Google Lens: lo smartphone riconosce oggetti attraverso la fotocameraGoogle Lens è un'evoluzione di Google Goggles perché, attraverso la fotocamera dello smartphone, permetterà di riconoscere oggetti sfruttando la ricerca visiva con Intelligenza Artificiale. Sarà integrato in Google Assistant e Google Foto.

Nella prima giornata del Google I/O, la conferenza annuale per gli sviluppatori di Google, che si è tenuta presso l’Anfiteatro Shoreline di Mountain View e continuerà fino a domani, sono emerse tutte le novità a cui ha lavorato (o sta lavorando) il colosso del web.

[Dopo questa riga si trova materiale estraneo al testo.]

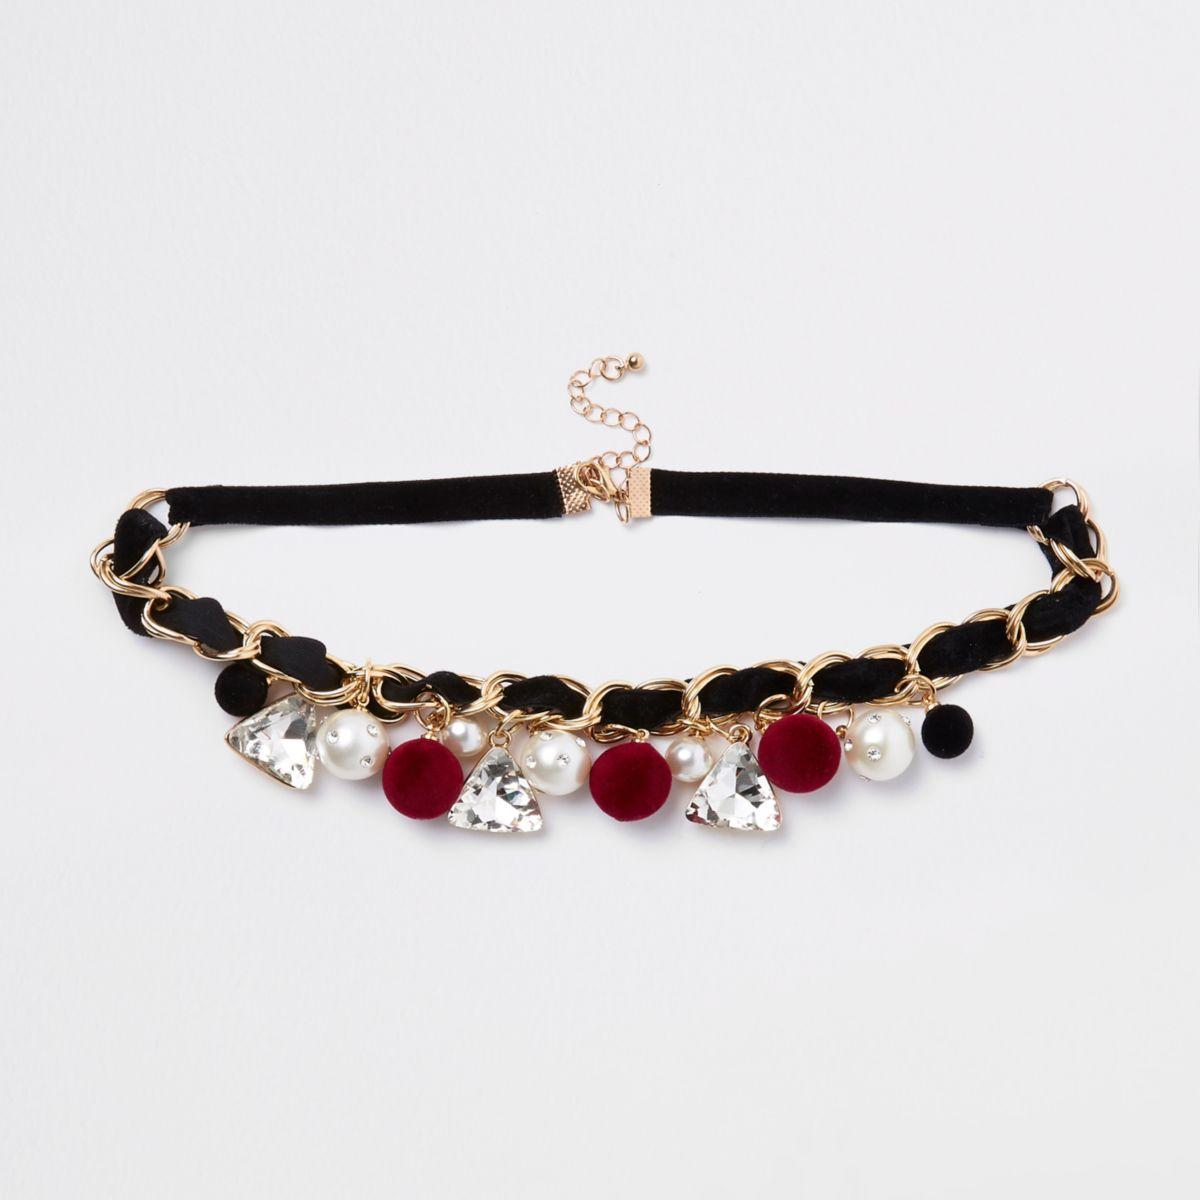 Black gold tone jewel and pom pom necklace

E tra queste c'è una nuova funzionalità per Google Assistant che, sfruttando la computer vision, potrà riconoscere elementi reali e suggerire azioni appropriate.

Google Lens

L'idea ricorda grossomodo Google Goggles, un'applicazione sviluppata da Google per il riconoscimento delle immagini che permette di scattare una foto di un monumento o del codice a barre di un prodotto, per sapere tutte le informazioni sull'oggetto, ma Google Lens si spinge ancora oltre facendo un ulteriore passo. Ad esempio, puntando la fotocamera dello smartphone sull'etichetta di un router WiFi che riporta SSID e password, potrete collegarvi direttamente alla rete wireless e navigare su Internet.

Nel corso del Google I/O però Mountain View ha mostrato altri utilizzi di questa app, che potremmo riassumere in:

  • puntando la fotocamera dello smartphone su un fiore, Google Lens ci fornirà tutte le informazioni sulla specie
  • puntando la fotocamera sull'insegna di un ristorante, Google Lens ci fornirà il numero di telefono, le recensioni degli utenti ed altri dettagli
  • Google Lens tradurrà in tempo reale in menù di un ristorante e fornirà risposte ad alcune domande

Per quanto ne sappiamo, Google Lens sarà disponibile nelle app Google Assistant e Google Foto su dispositivi mobile, ma il piano è quello di renderlo accessibile su più piattaforme. Questo servizio sfrutta i progressi nel deep learning, che permette ai software di Google di identificare meglio gli oggetti e il contesto in un'immagine. Una tecnologia simile sta contribuendo a migliorare il riconoscimento vocale nei prodotti Google: la società afferma che il deep learning ha permesso di costruire il Google Home smart speaker con due microfono piuttosto che otto, come originariamente previsto.

I progressi nella computer vision permettono di modificare le immagini in modo unico: il CEO di Google, Sundar Pichai, ha mostrato come sia possibile rimuovere dagli oggetti da una foto "ripulendo" un paesaggio o un ritratto con un semplice click.